Vanity metrics (stars, thread upvotes) are directional only. Don't tune the next wave around them.


  1. Lead with the formal-verification + conformance-suite story. This is the v1.0 differentiator and the strongest defensible claim on HN-style scrutiny.
  2. Lead with the problem, not the solution.
  3. Be explicit about what it does NOT do.
  4. Position alongside, not against — fsspec, smart_open, cloudpathlib, obstore, UPath solve related but different problems.
  5. Three waves: developer communities → citizen-dev / data communities → industry-specific outreach.
  6. Go where citizen devs are — data Slacks and Discords, Kaggle — not just HN and r/Python.
  7. Tell the way-of-working story — SDD + Dafny + AI collaboration is genuinely unusual.
  8. Make it trivially easy to trypip install remote-store, paste the quickstart, run it in 30 seconds.
  9. Engage deeply — respond to every comment; incorporate feedback.
  10. Link, don't paraphrase. FEATURES.md, the guides, the research docs, the audits all live in the repo. Point to them.

Appendix — Draft messages

Drafts are intentionally short. Copy will go stale faster than the plan; treat these as starting points, not templates.

HN — Show HN title:

Show HN: remote-store v1.0 — One Python API for Local, S3, SFTP, Azure file storage

HN — first comment lede:

Author here. remote-store gives every storage backend the same front door.

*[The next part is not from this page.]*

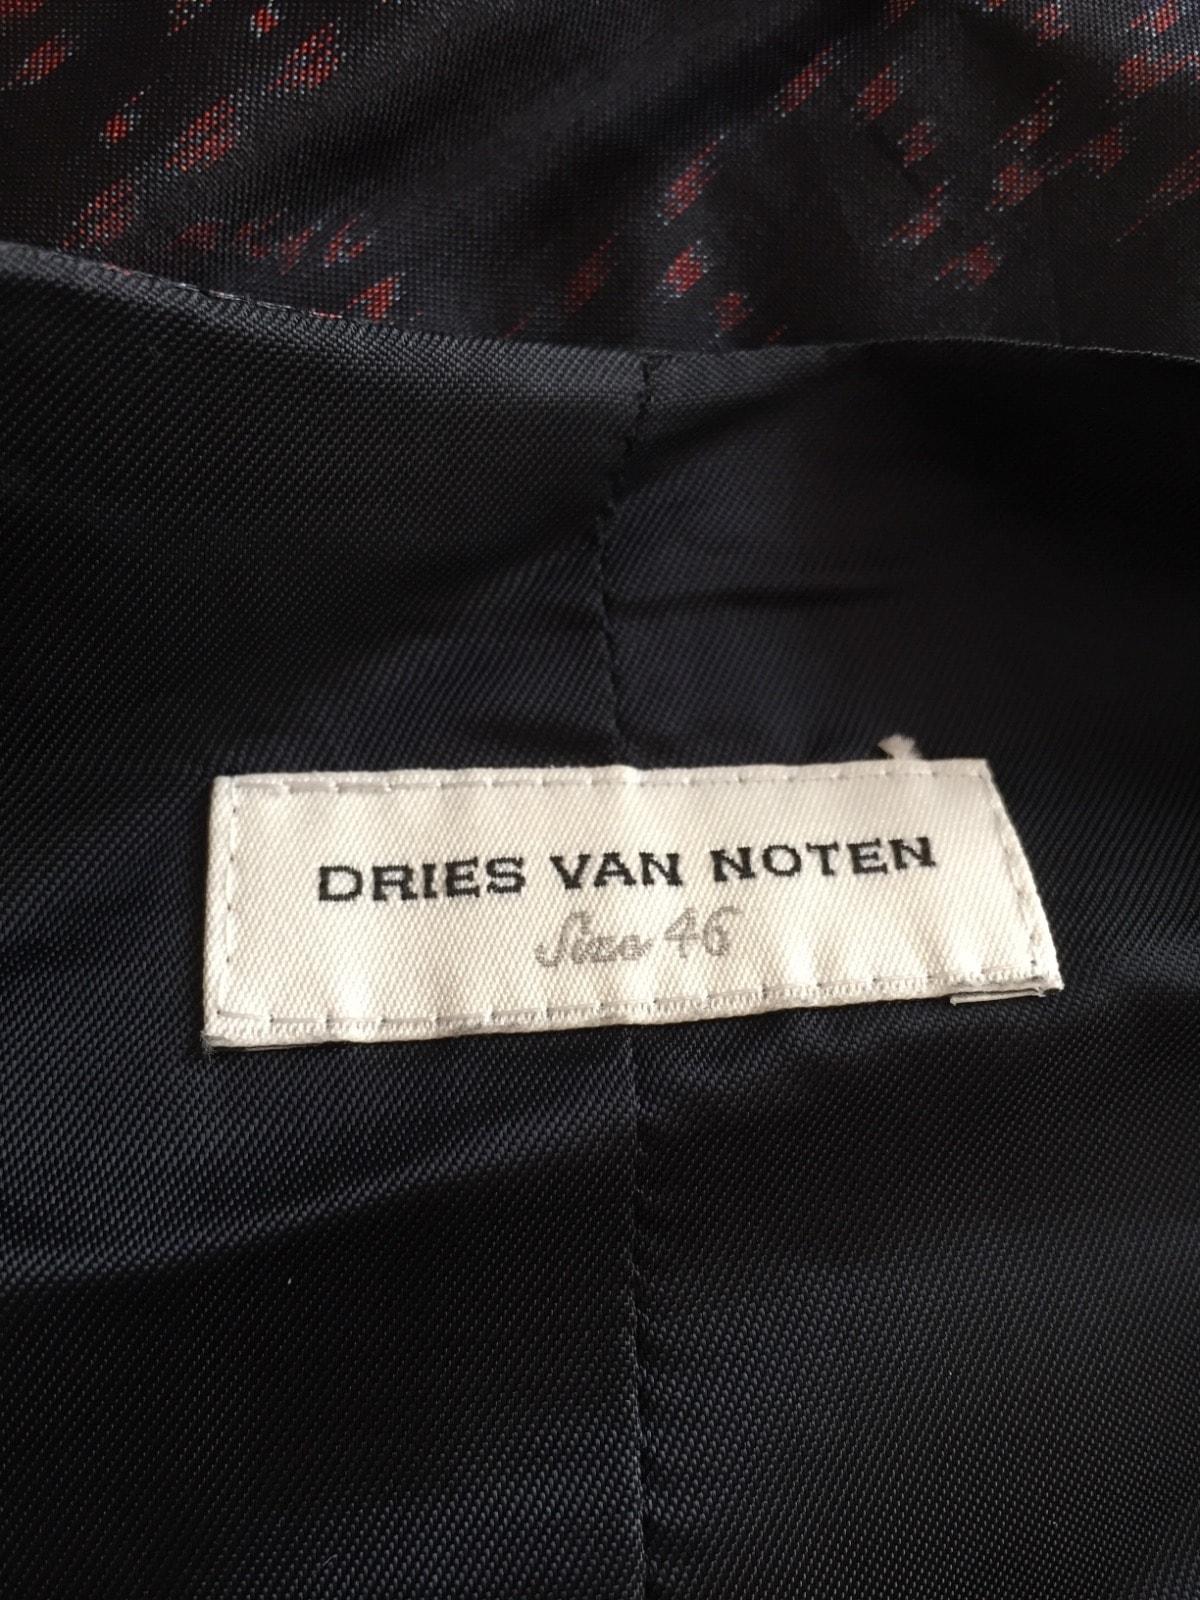 DRIES VAN NOTEN(ドリスヴァンノッテン)のベスト

Same read/write/list/delete whether the backend is local disk, S3, SFTP, Azure, HTTP, or a SQL table. The differentiator at v1.0 is a Dafny-verified backend contract and a conformance suite that every backend (including ones you write) runs against. It's not a query engine, table format, or fsspec replacement. Happy to answer questions on the methodology or the design choices.

Reddit r/Python — title:

remote-store v1.0 — one Python API for files on local, S3, SFTP, Azure, HTTP, and SQL, with a formally verified backend contract

LinkedIn — opener:

We enabled analyst teams to work with S3 and SFTP without learning boto3 or paramiko. The result is now an open-source Python library at v1.0, with a formally verified backend contract.